Repeat the listing exactly. Any picture in it should be left out of the copy.

Source data:

* * * * * * *

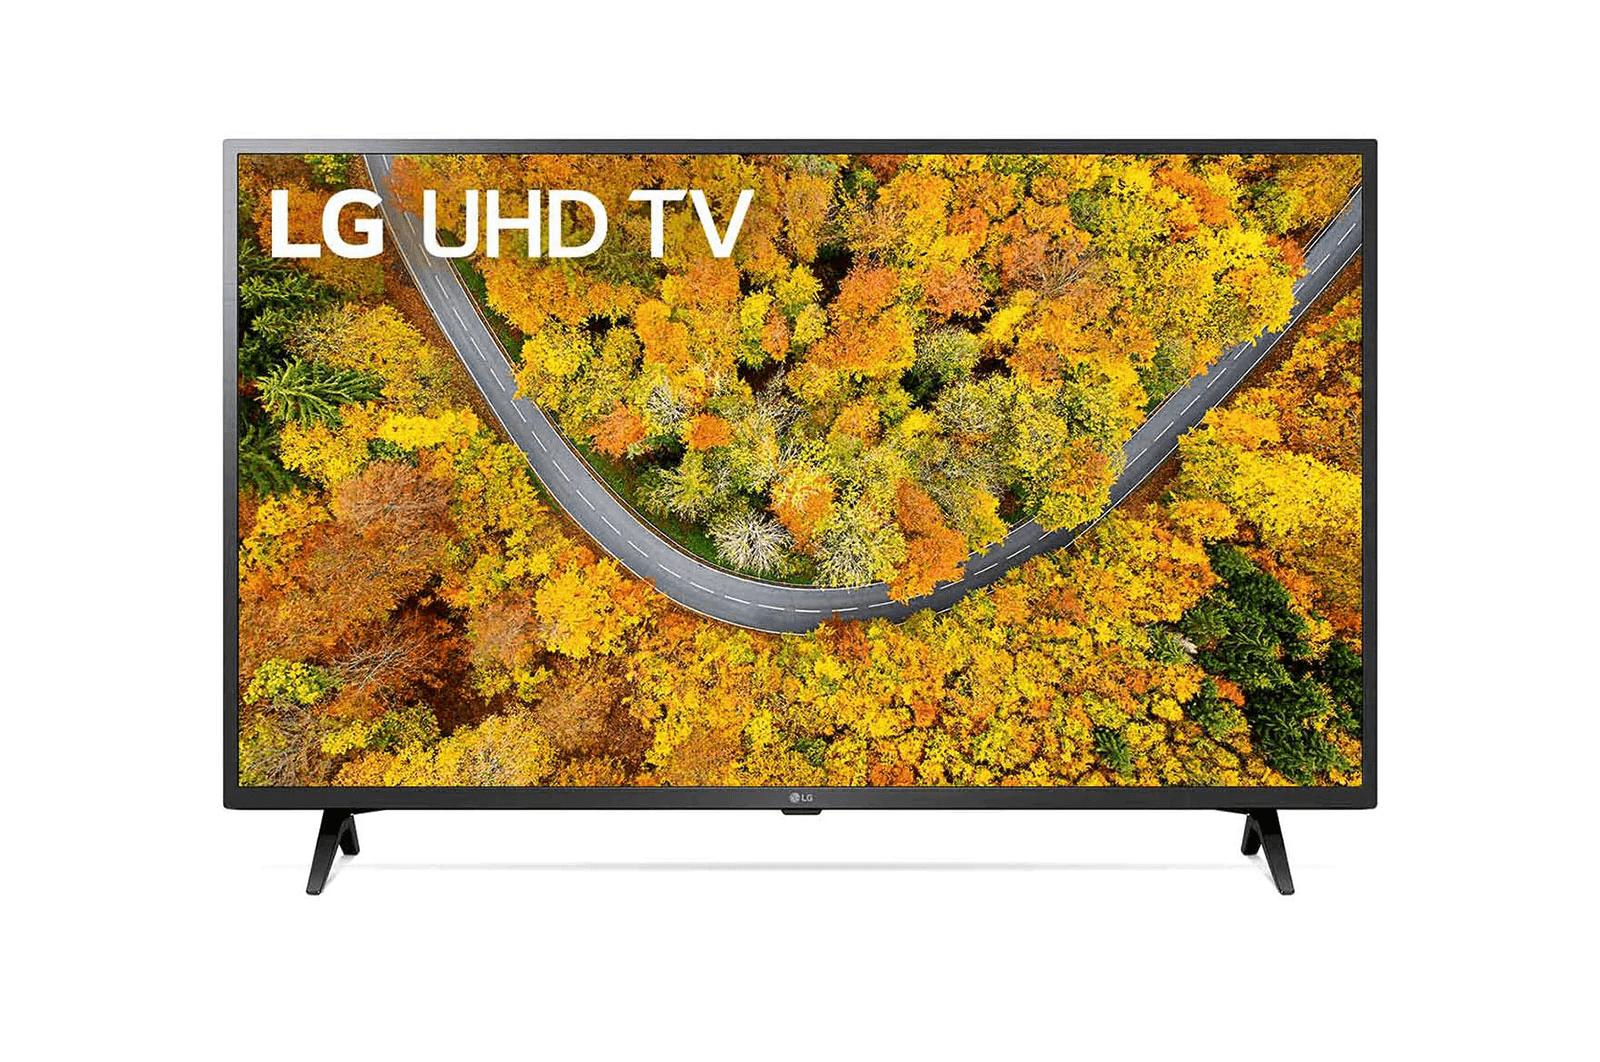 LG - LED TV 43UP7500PTC
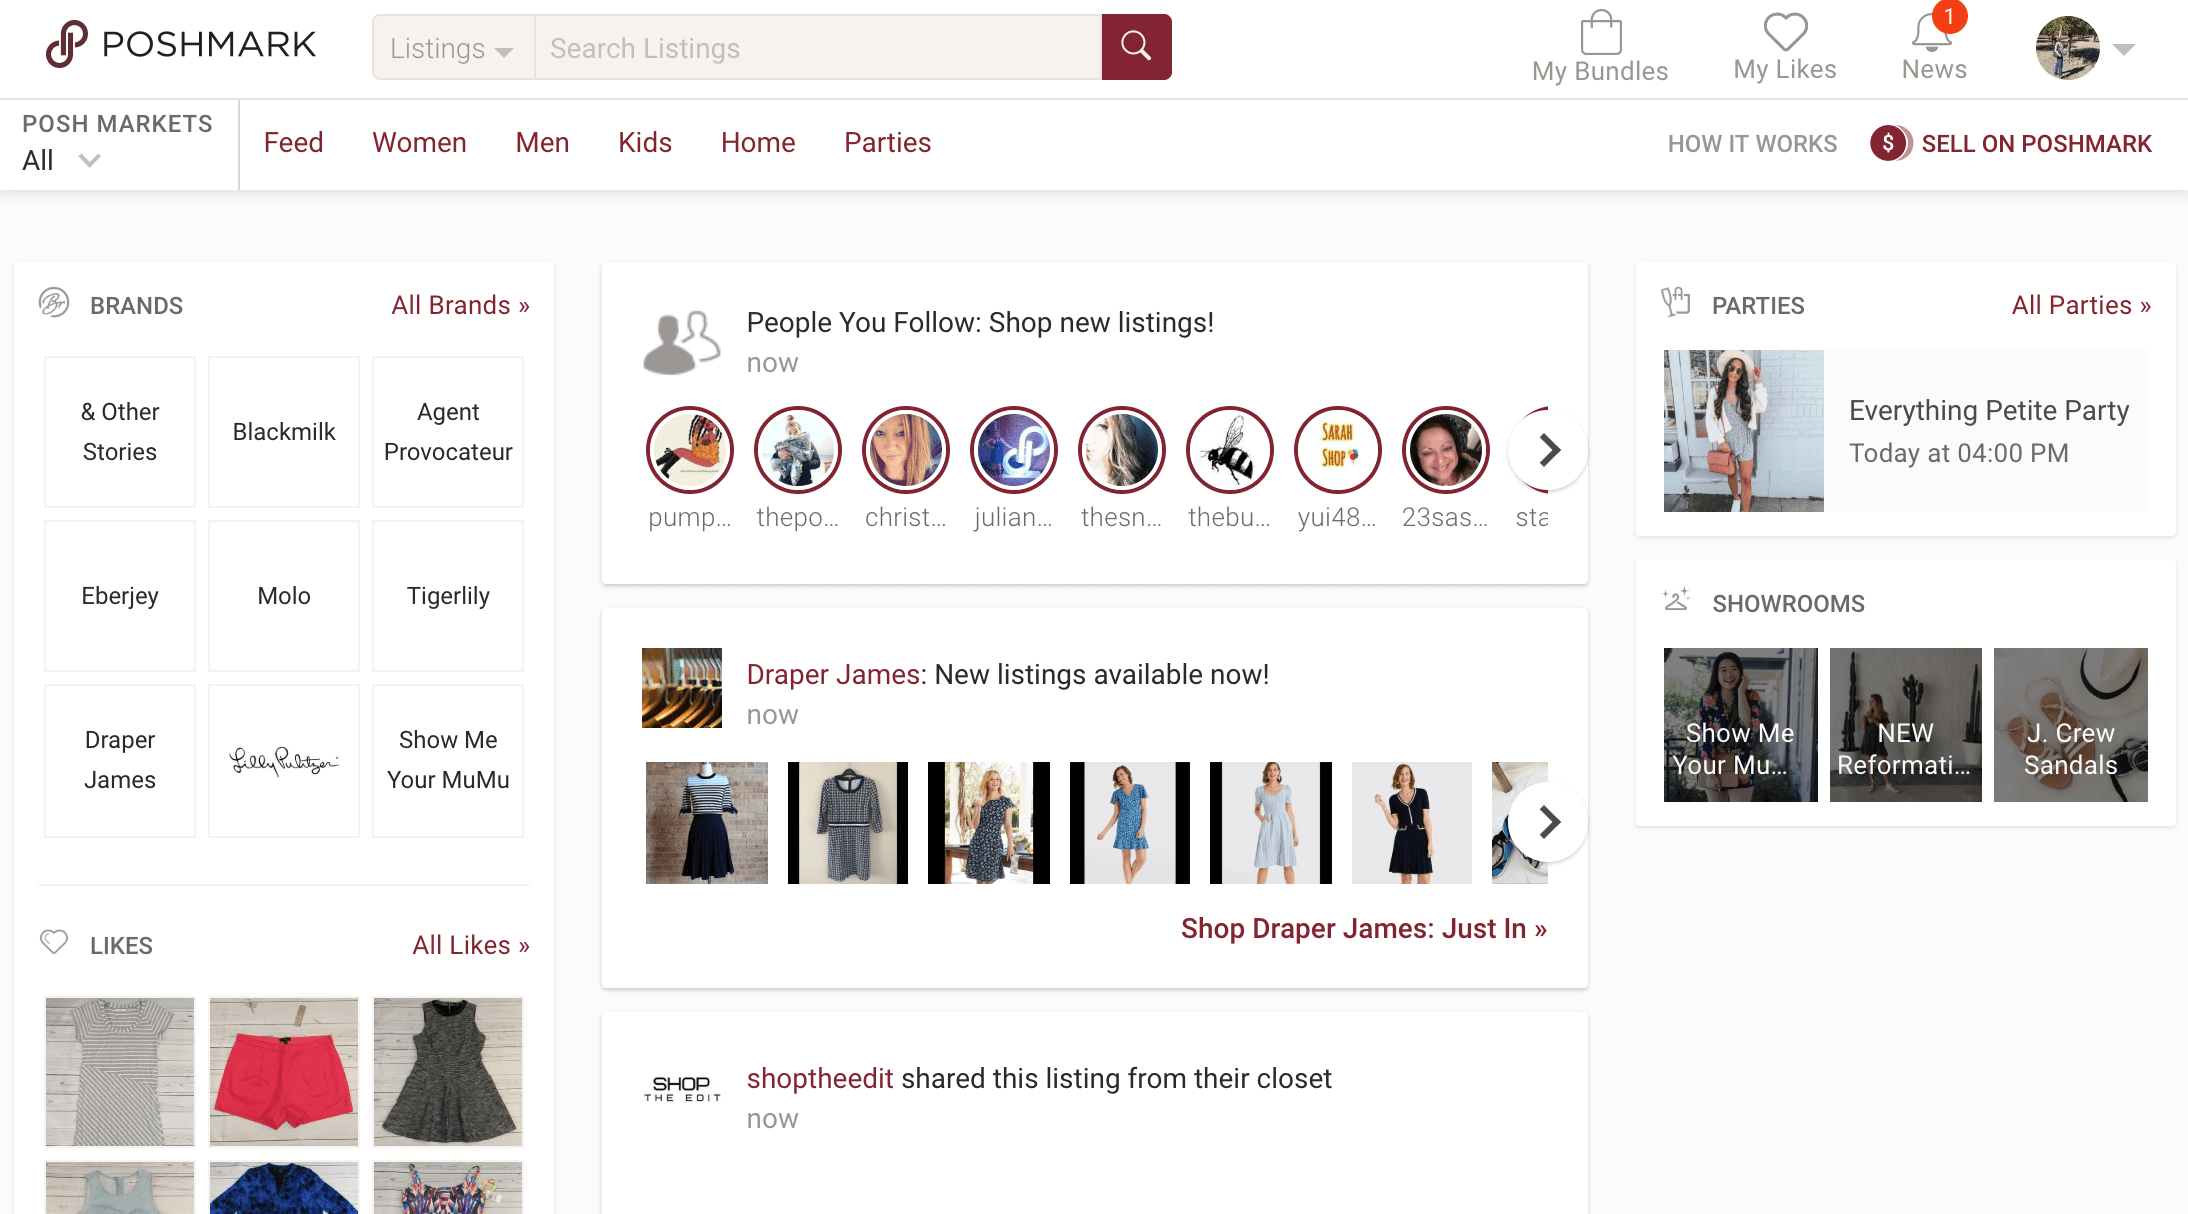 Poshmark homepage & feed
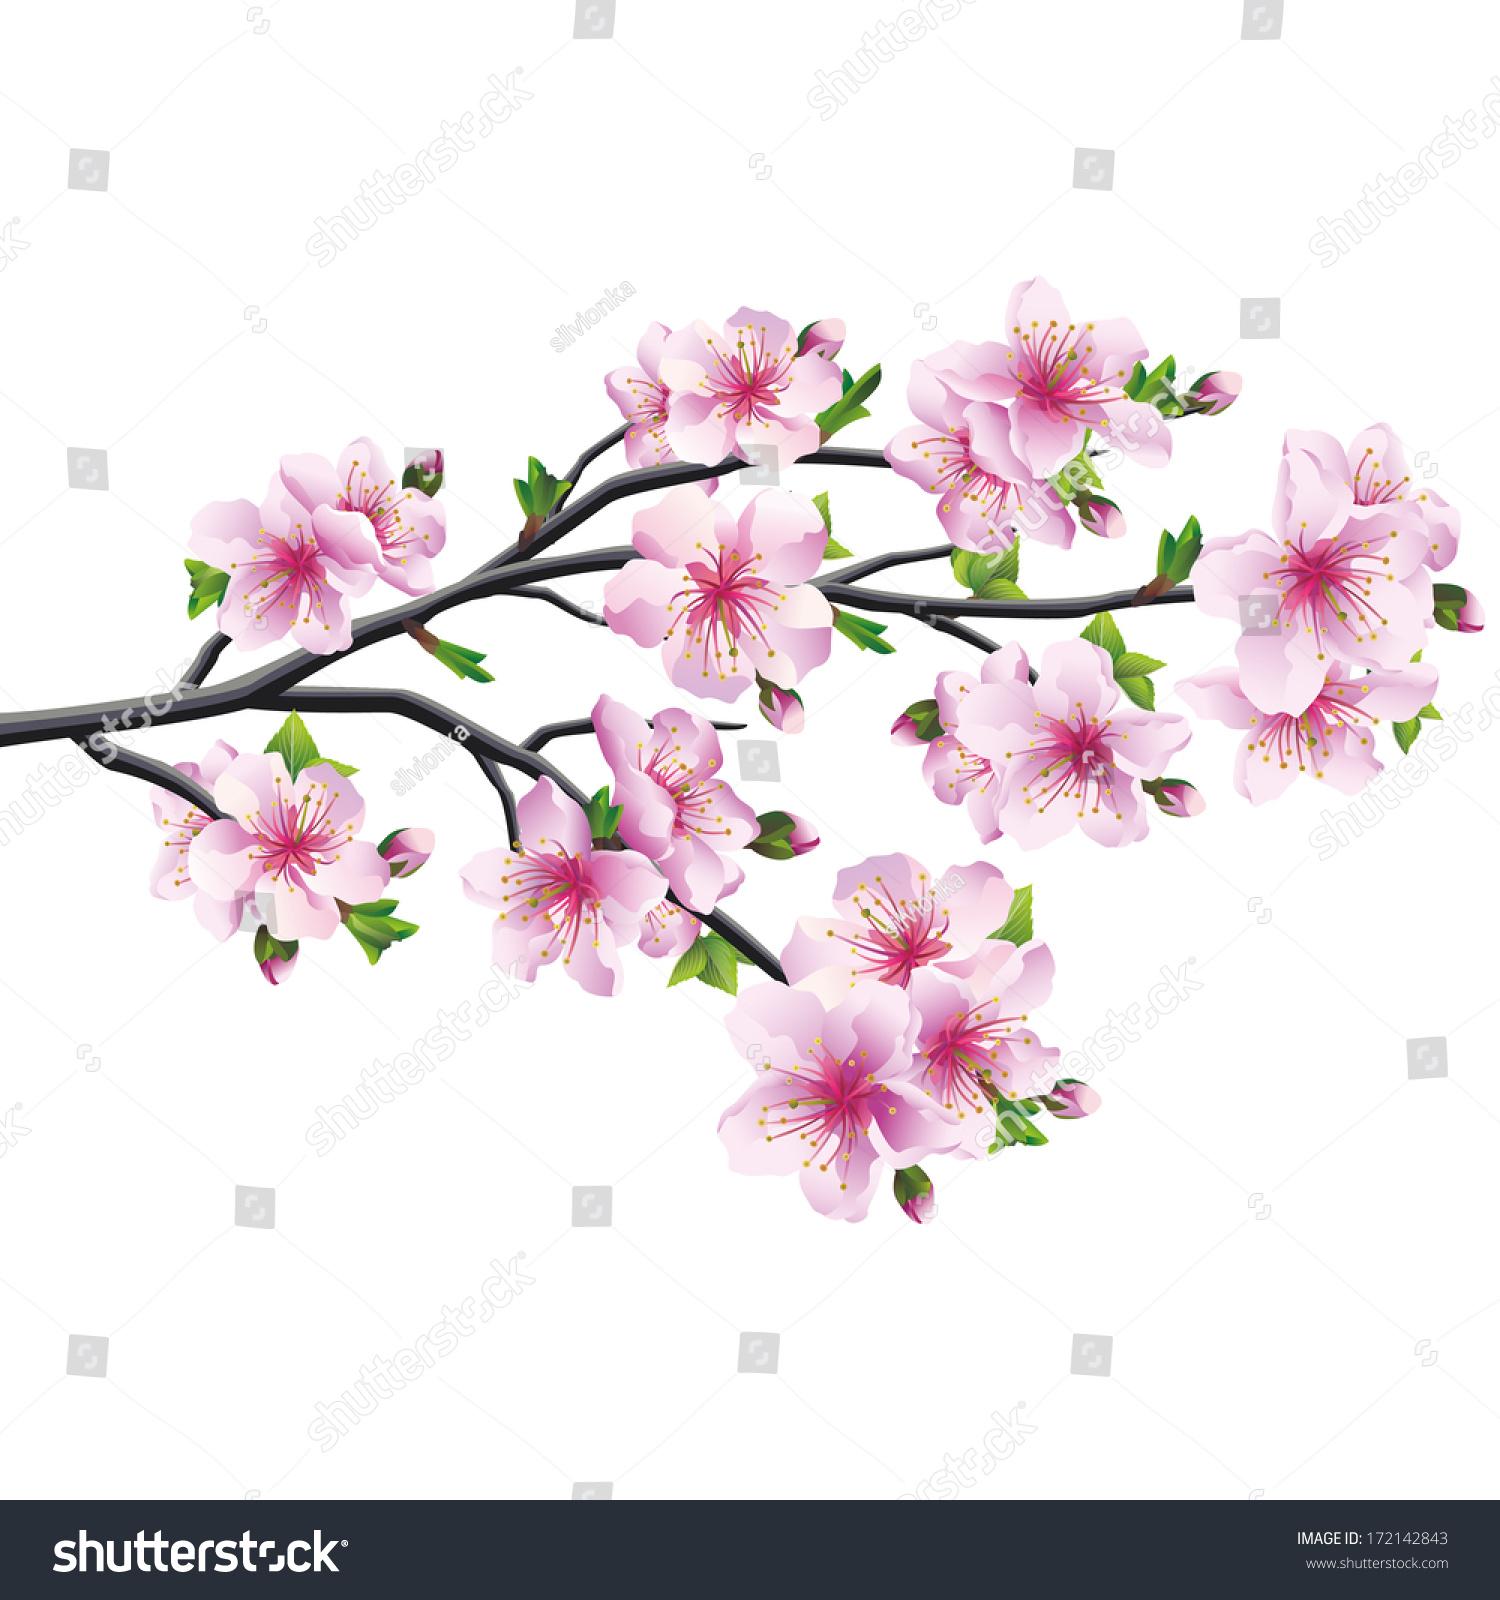 cherry blossom pink violet japanese tree stock vector. Black Bedroom Furniture Sets. Home Design Ideas
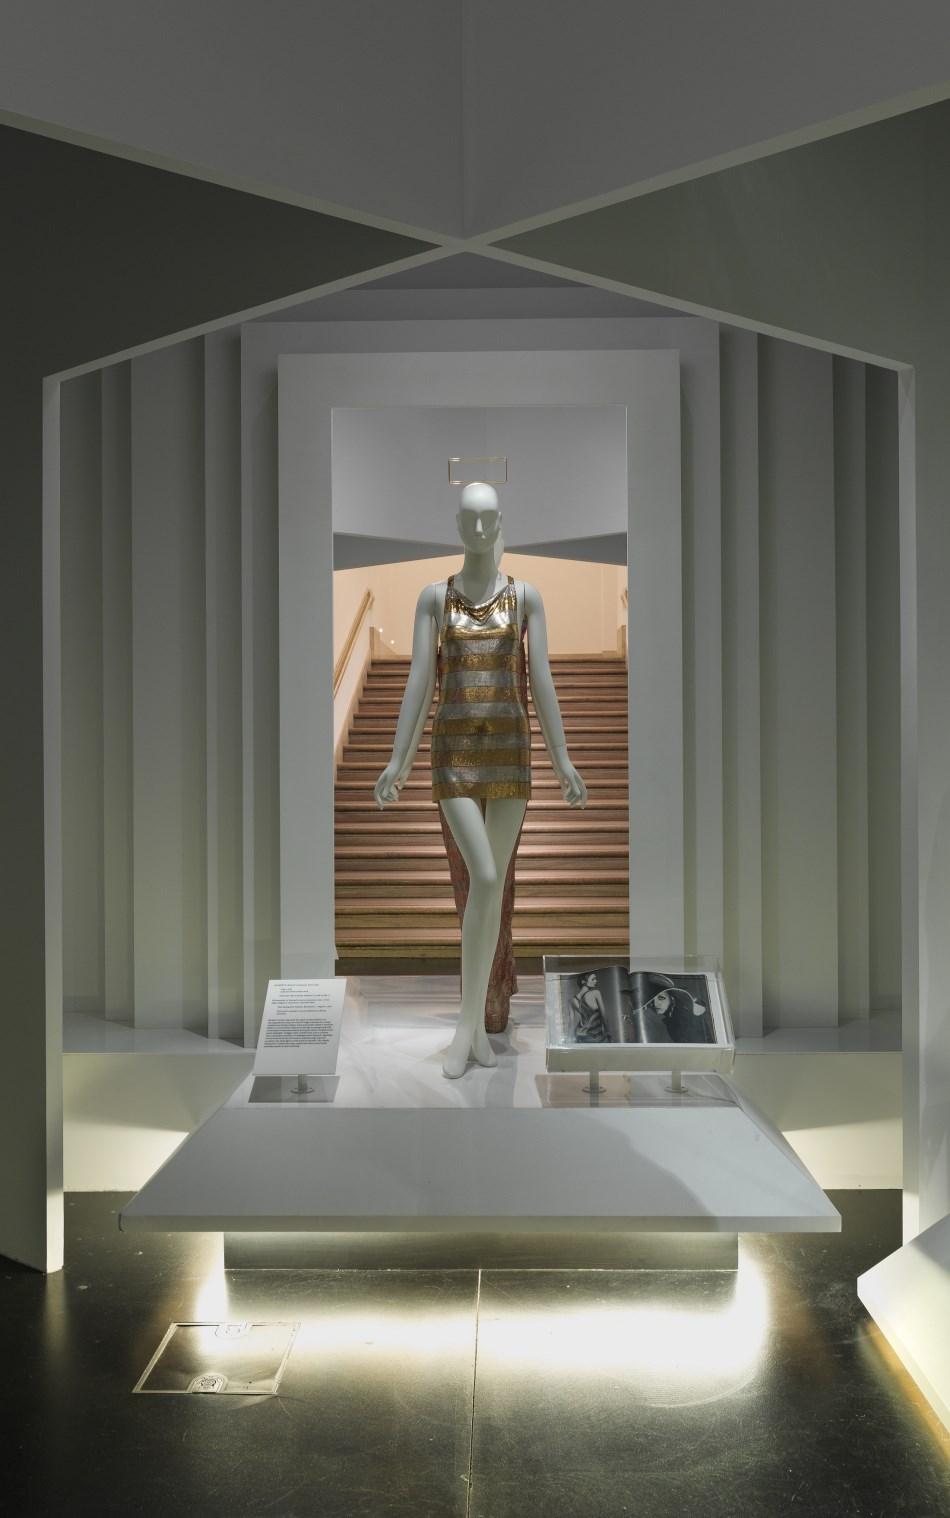 Image courtesy of  The Metropolitan Museum of Art

* * * * * * *

Solution for this problem:
 LG - LED TV 43UP7500PTC
 Poshmark homepage & feed
 cherry blossom pink violet japanese tree stock vector. Black Bedroom Furniture Sets. Home Design Ideas
 Image courtesy of  The Metropolitan Museum of Art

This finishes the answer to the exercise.